There are many different methods to determine the finish phase’s over-charge, and like all other charger considerations, the algorithm should be specific to the given battery and machine.

Delta-Q uses two main methods to determine the finish phase:

1. Amp-hour Counting – Amp-hour counting algorithms are more precise and, therefore, have less of an effect on the FLA’s water levels. They require a sensor to adjust target voltages based on ambient temperature to be effective. These algorithms are generally more specific to the battery they are designed for and are ideal for applications such as:
   1. Long life requirements
   2. Occasional, shallow discharges
   3. Regular, daily charging.  
2. dV/dt – Configuring a dV/dt finish criteria results in voltage changes over time to terminate the finish phase. These algorithms will continue to apply current until the batteries no longer accept the charge, providing greater flexibility across different batteries and machines. However, because the charger will continue for a set amount of time, they prevent precise water level control.
   1. Deep discharges
   2. Frequent use
   3. Less regimented charging

Sealed Lead-Acid Battery Algorithms

Two types of sealed lead-acid (SLA) batteries are widely used in floor care: gel and absorbed glass mat (AGM). Because of SLA batteries’ electrolyte capture method, these chemistries require less stirring (and less overcharge) than FLAs. This helps them deliver greater efficiency than traditional lead-acid batteries.

Still, SLA charge profiles are generally similar to FLA algorithms. The primary differences are:

• Sealed lead-acid batteries can accept a higher charge current during the bulk phase—even 30% of the C/20 rate is safe.
• SLA algorithms often use gentler finish currents or other unique approaches to prevent overheating or excessive venting. However, these methods can lead to slightly longer overall charge times.

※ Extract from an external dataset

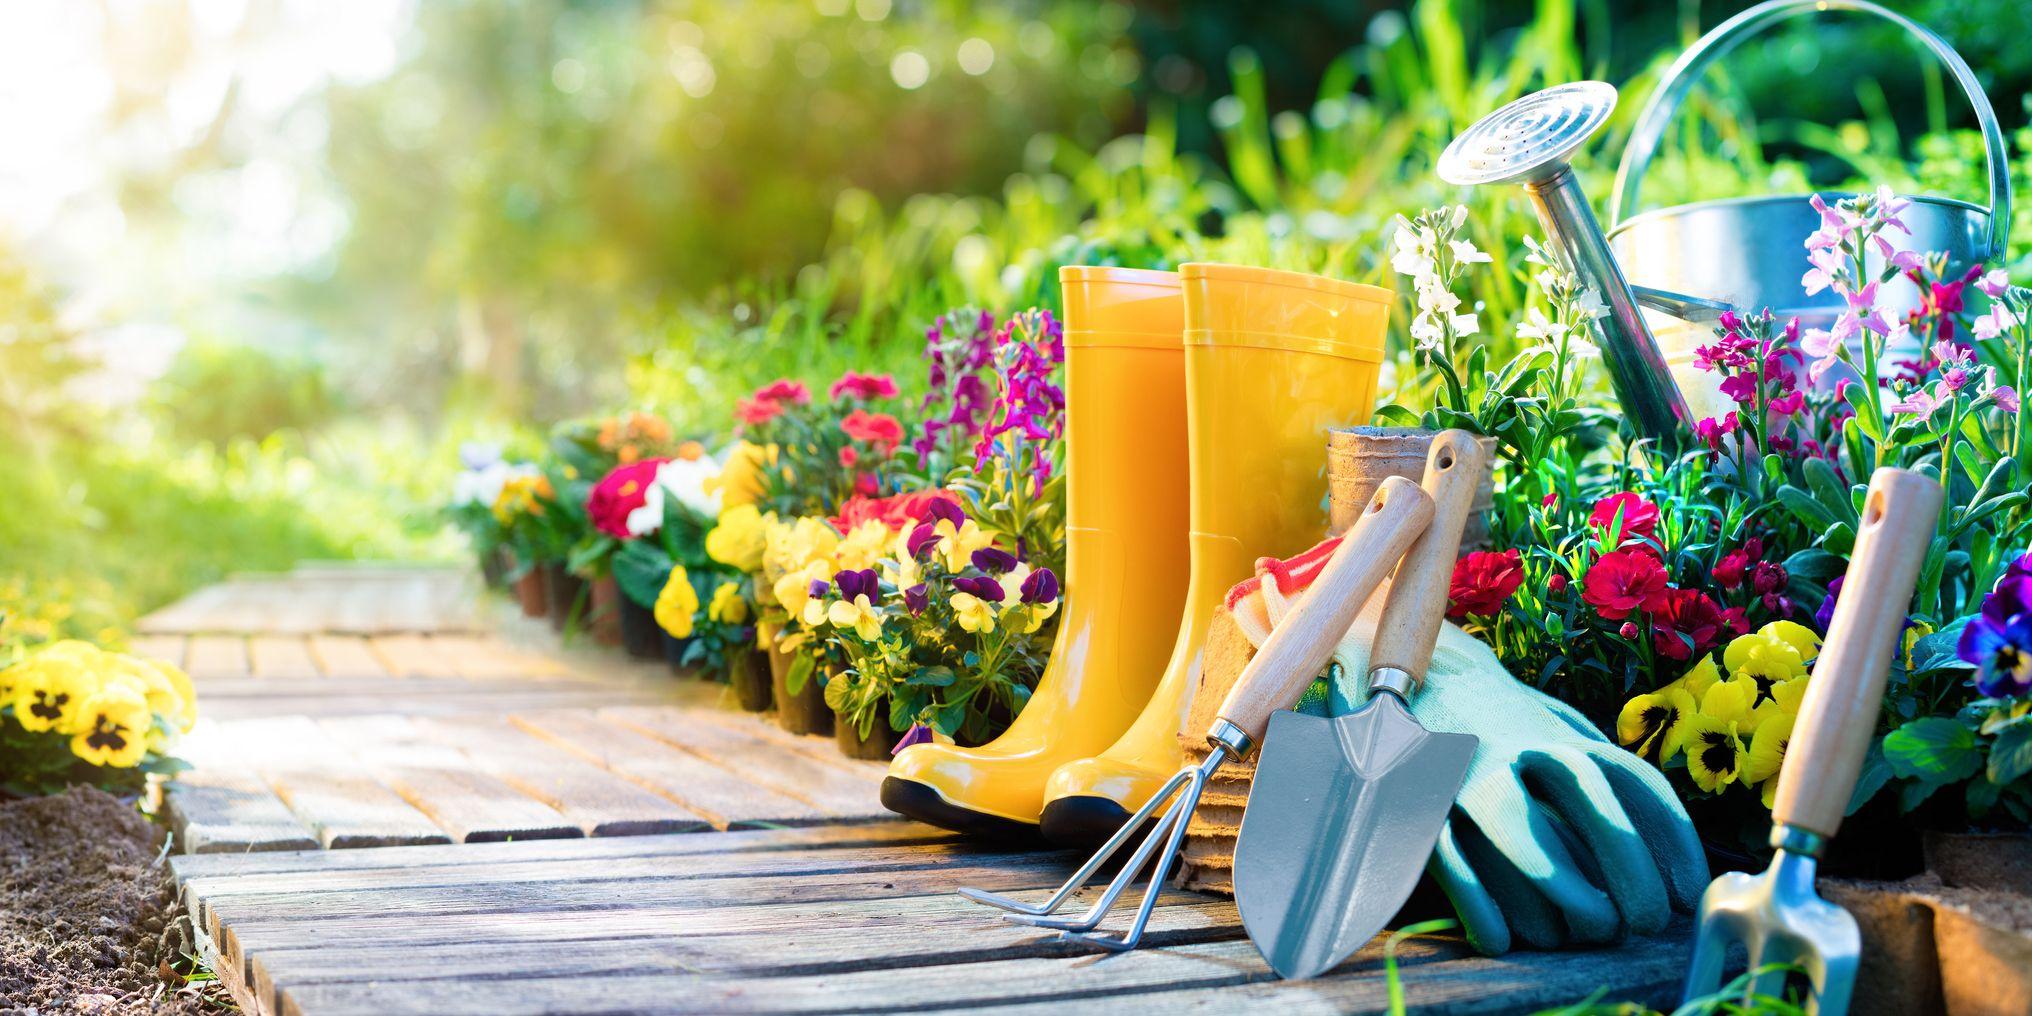 Organic Gardening - How to Start an Organic Garden on Gardening  id=36144
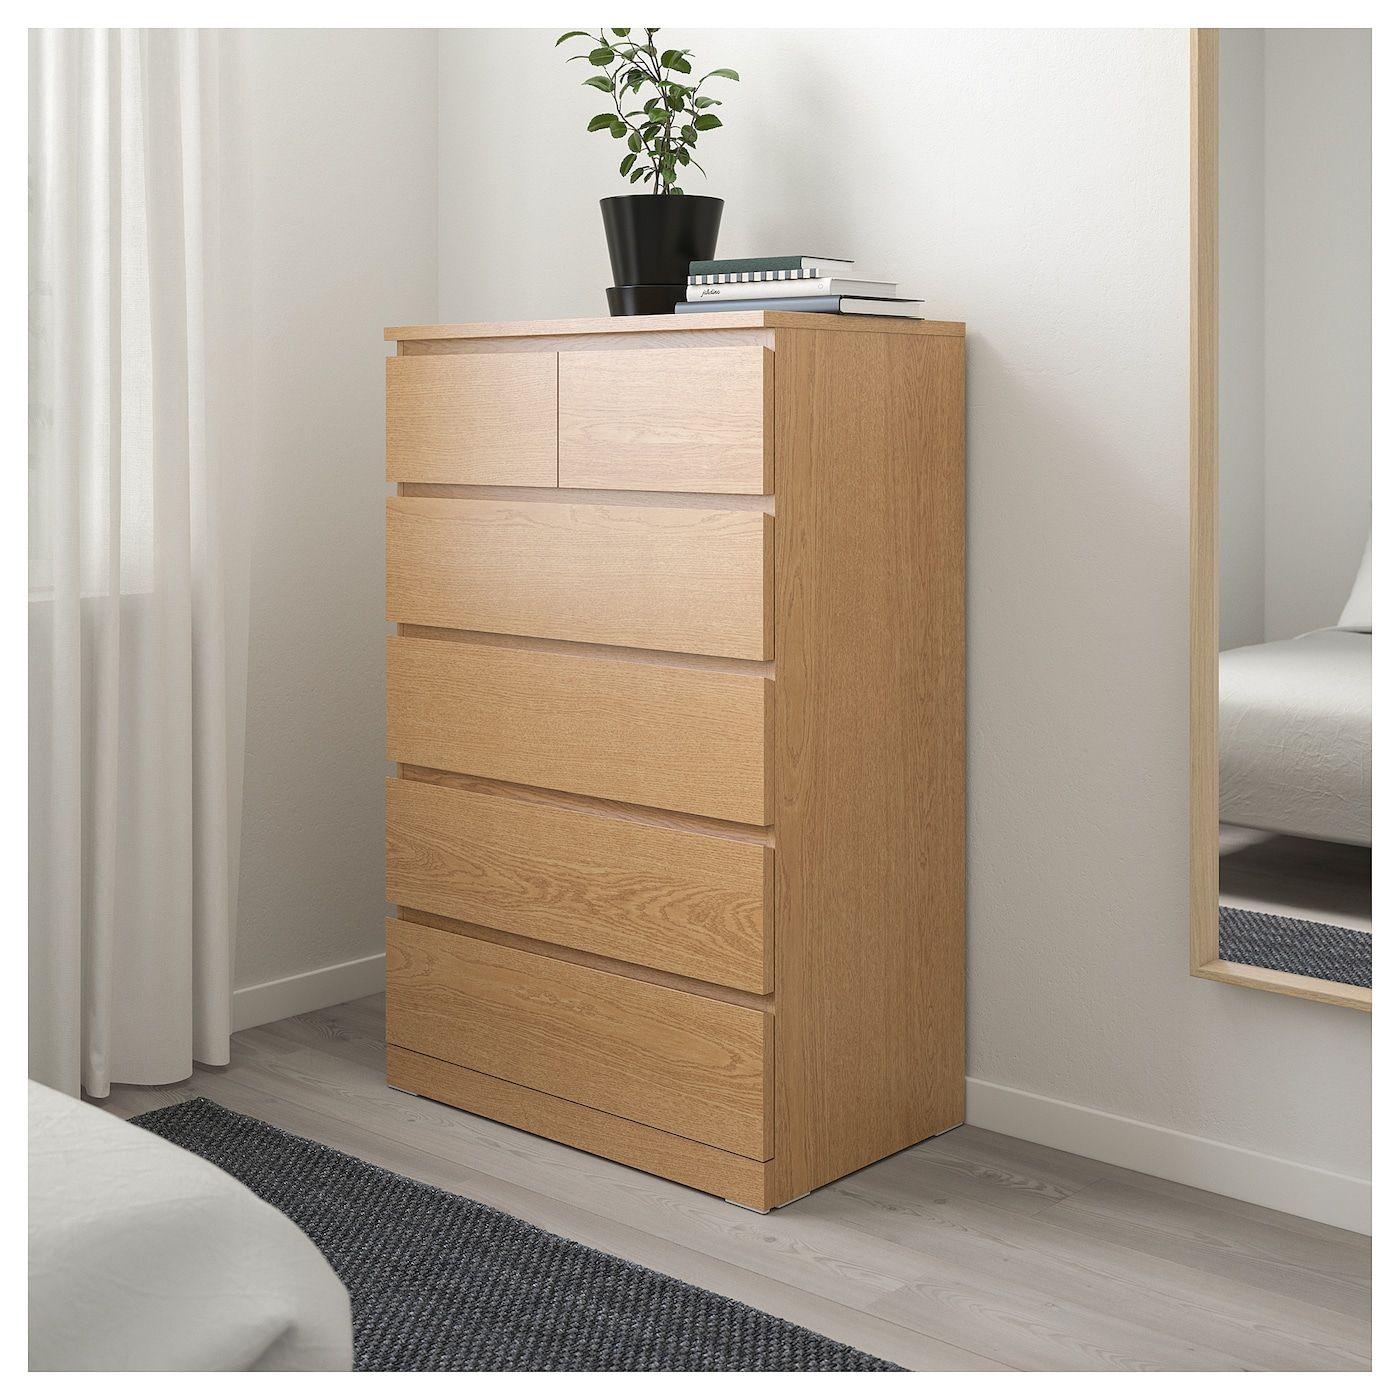 IKEA MALM Chest of 6 drawers | Malm

Most gel and AGM battery manufacturers request that their charge algorithms include temperature compensation to prevent significant under- or over-charging.

Lithium Algorithms 

Lithium batteries are the most efficient power source and can be discharged and charged at substantially higher rates, with minimal loss of capacity when discharged quickly. However, lithium batteries cannot be overcharged in the same way as FLA or SLA batteries, or they risk overheating and reduced life span. The specific machines, applications, and battery chemistry will ultimately determine an efficient and safe algorithm.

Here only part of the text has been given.